== RAW DATA ==
◇ ◇ ◇ ◇ ◇
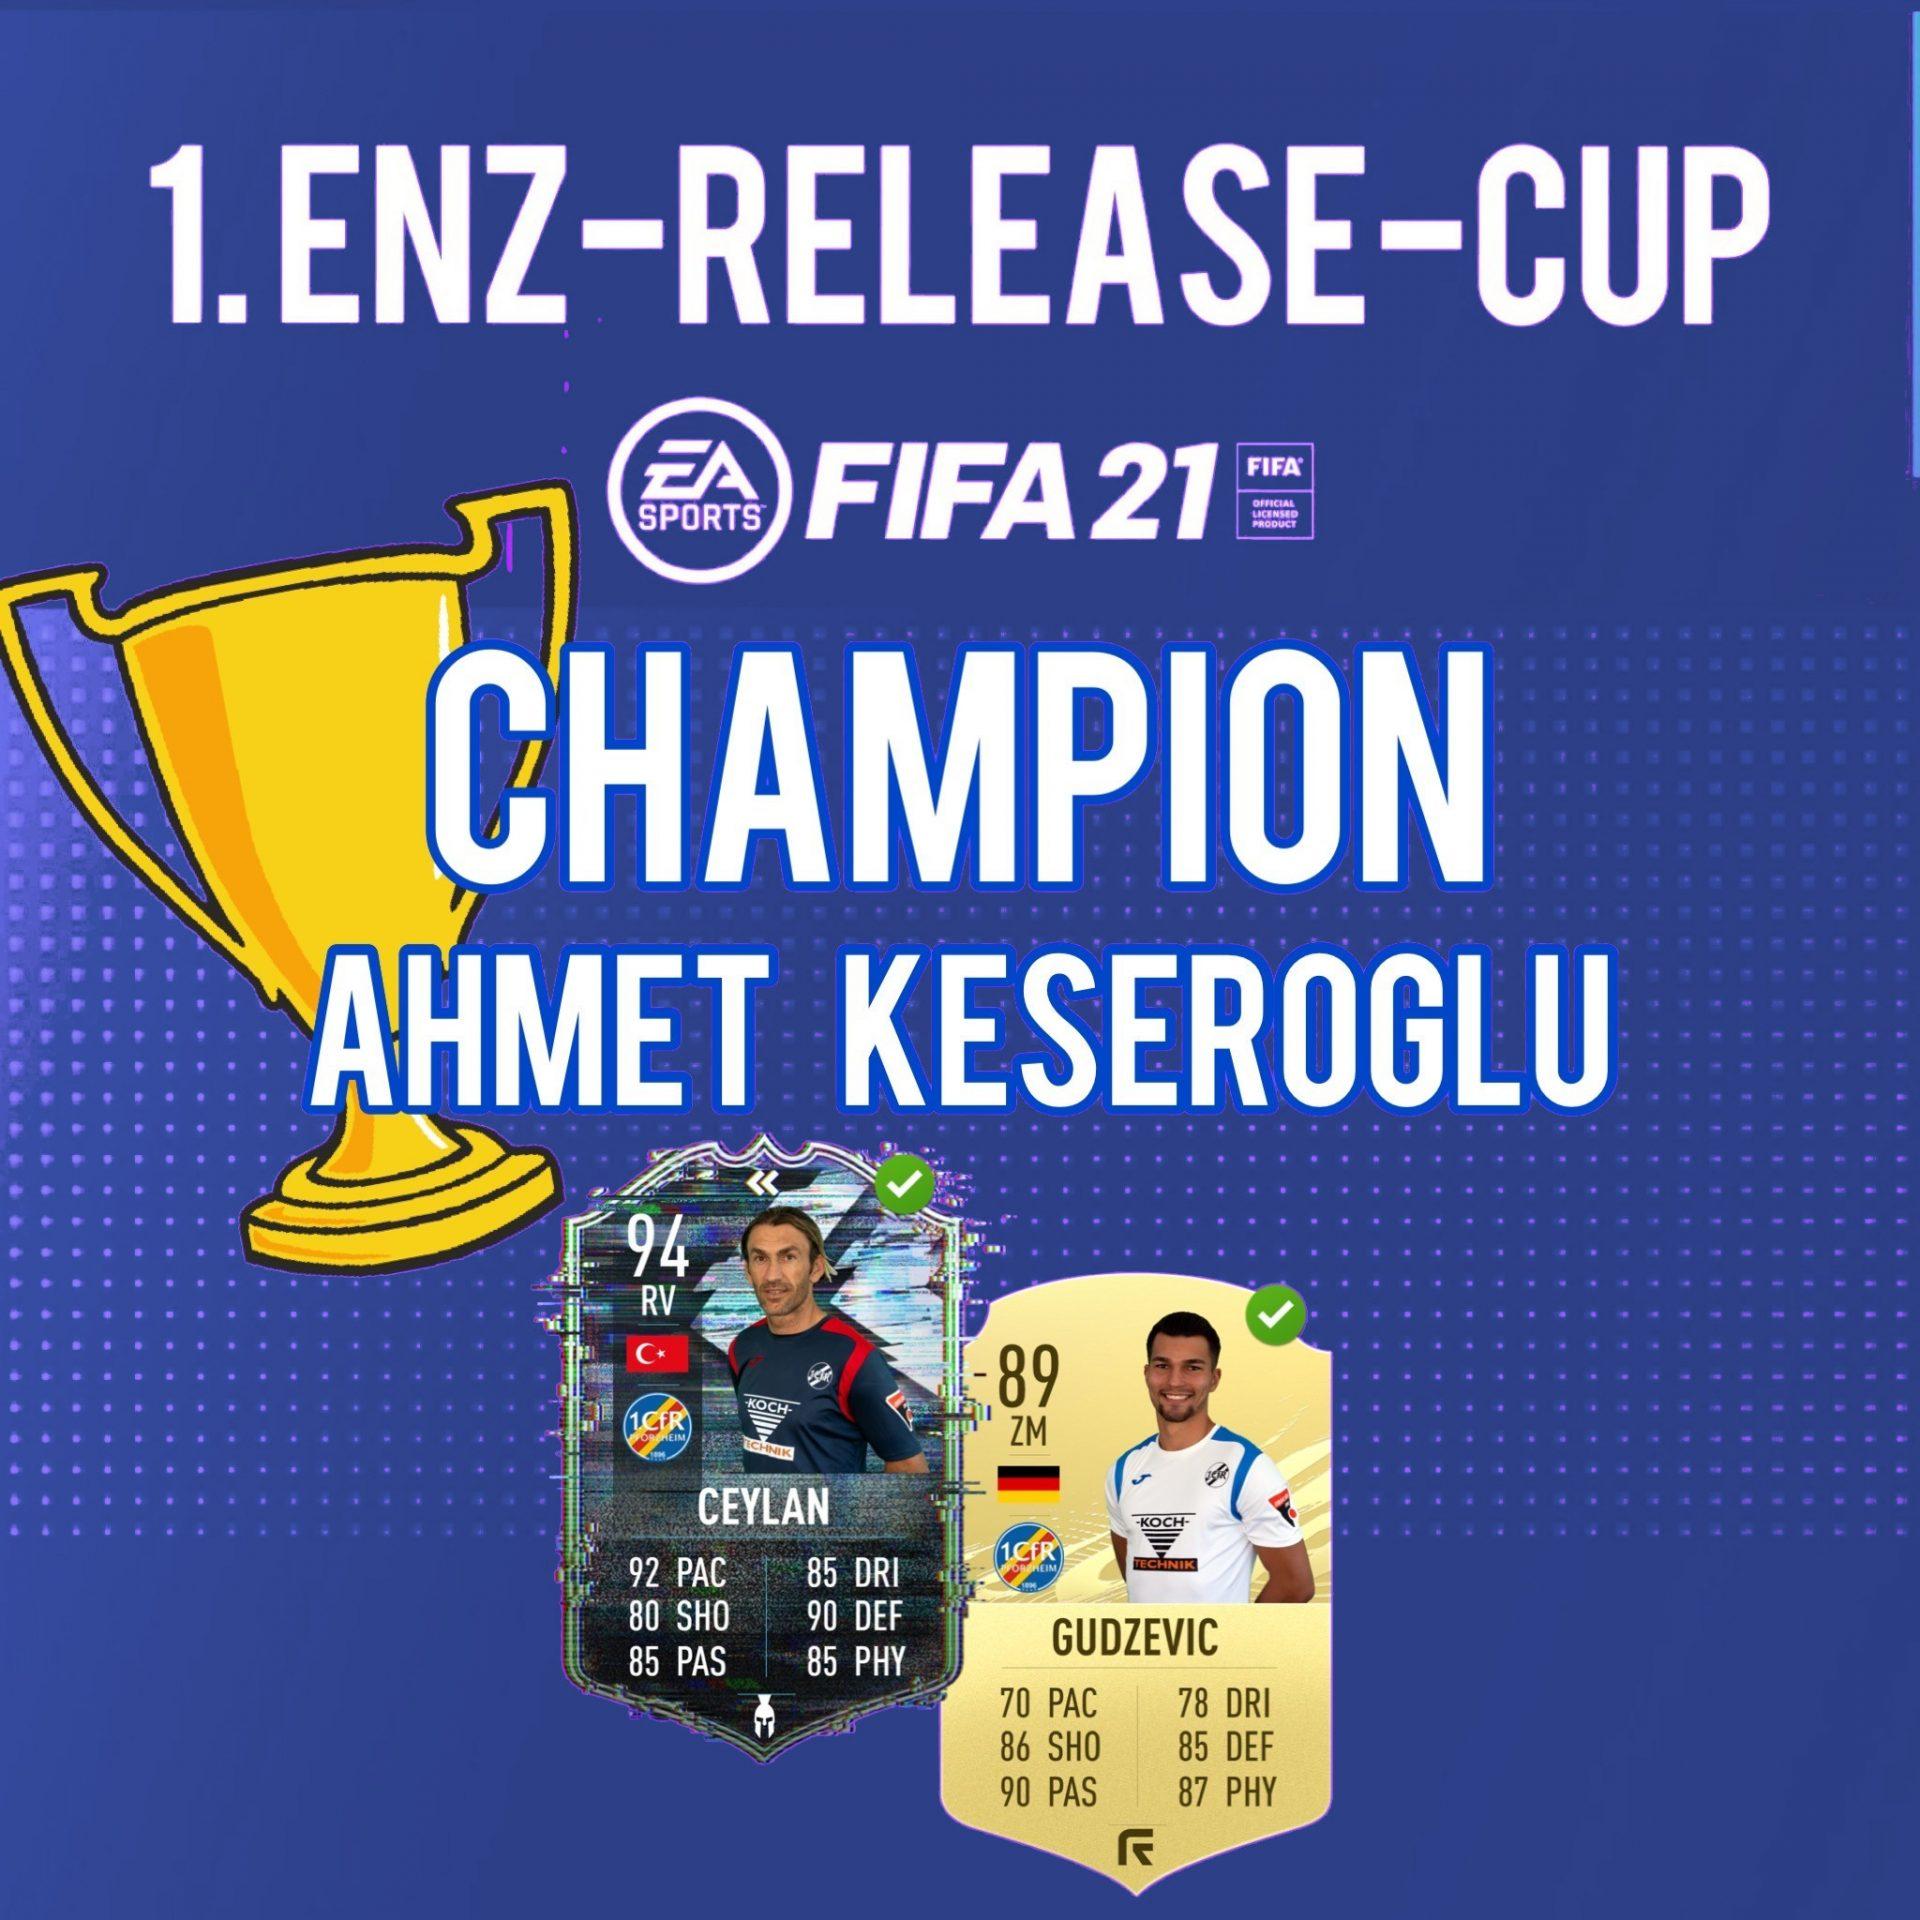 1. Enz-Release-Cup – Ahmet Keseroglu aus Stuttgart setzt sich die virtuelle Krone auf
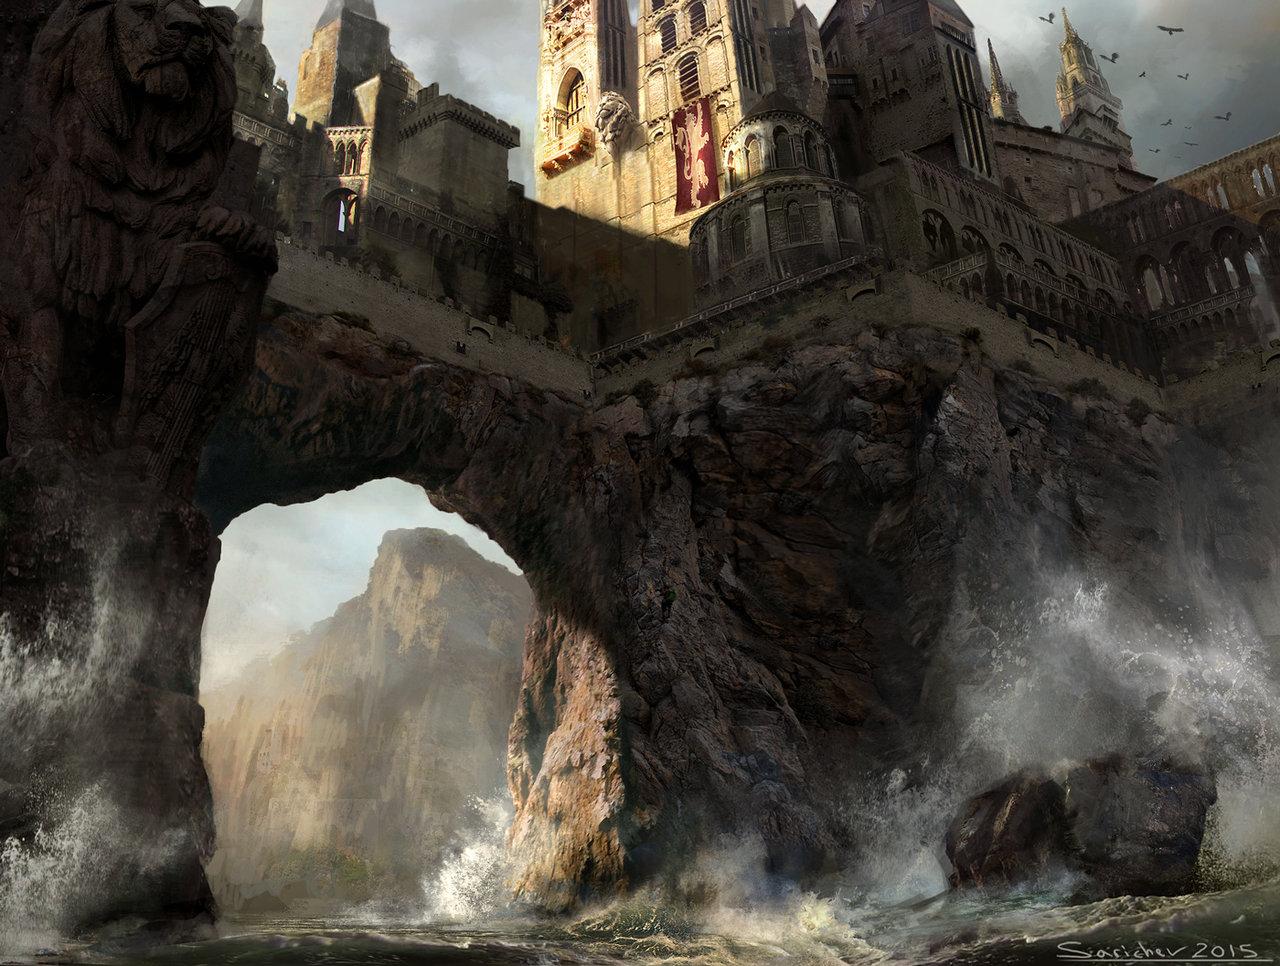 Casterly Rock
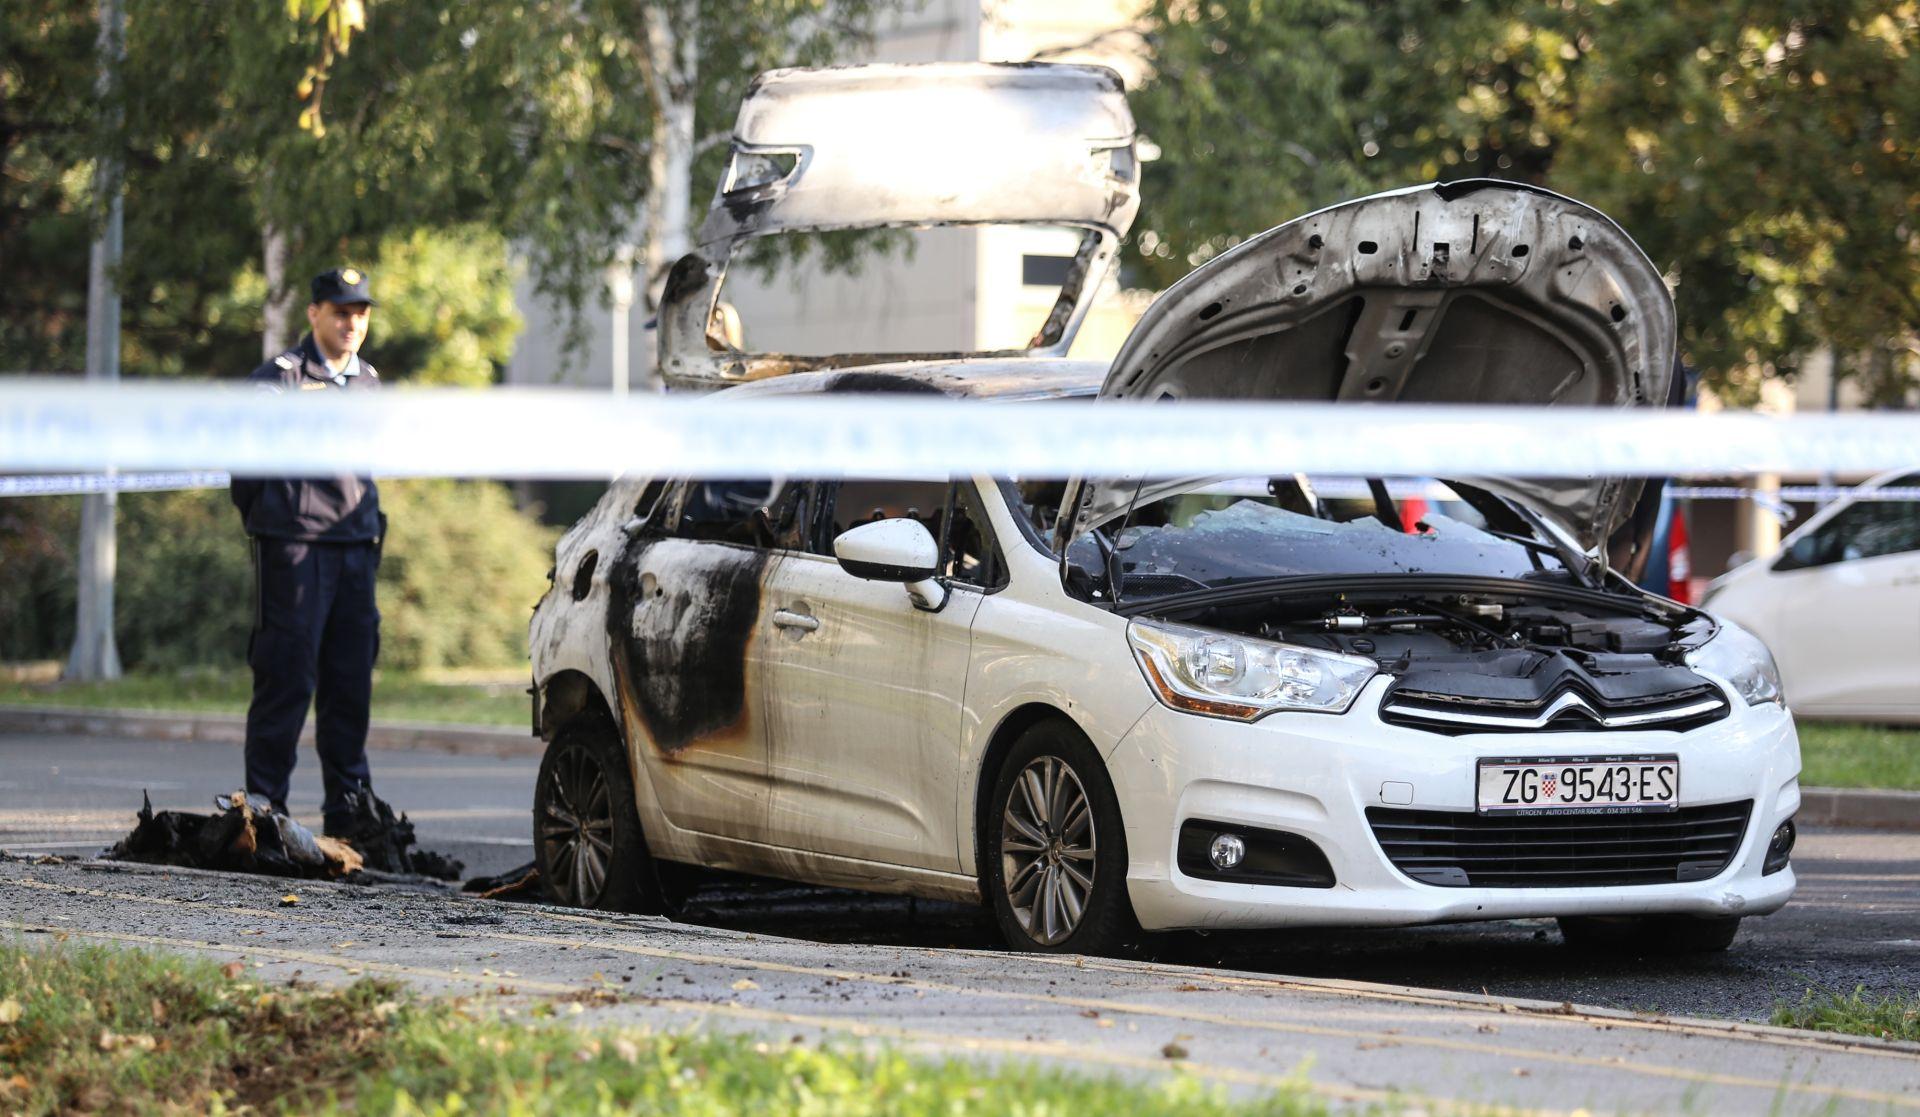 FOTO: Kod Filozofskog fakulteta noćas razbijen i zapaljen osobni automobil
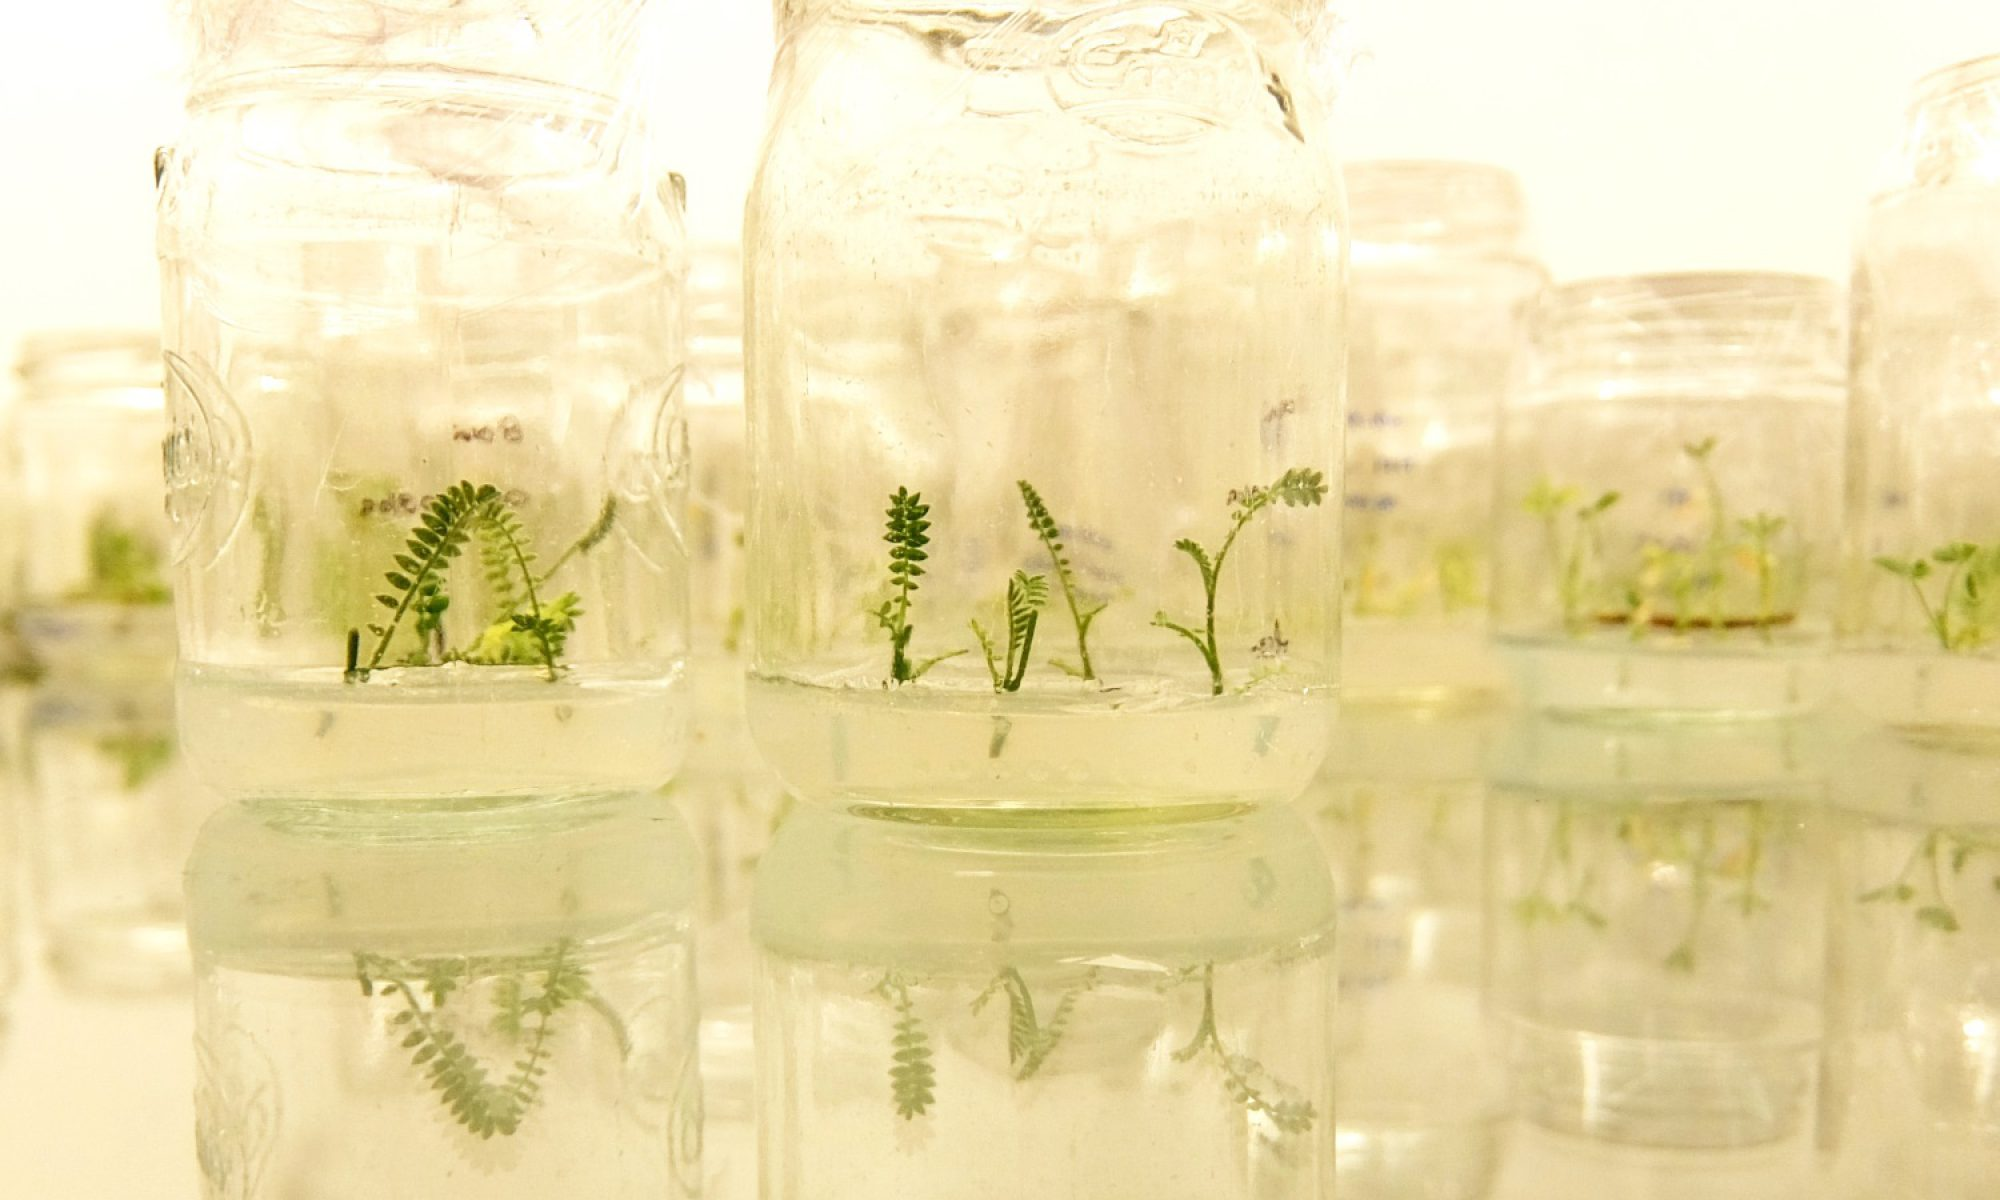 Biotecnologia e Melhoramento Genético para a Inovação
◇ ◇ ◇ ◇ ◇
== REQUIRED ACTION ==
Your answer must be only the lines from the one that holds "Casterly Rock" to the end of the listing, each restated word for word, with both ends kept and pictures left out.

== YOUR RESPONSE ==
 Casterly Rock
 FOTO: Kod Filozofskog fakulteta noćas razbijen i zapaljen osobni automobil
 Biotecnologia e Melhoramento Genético para a Inovação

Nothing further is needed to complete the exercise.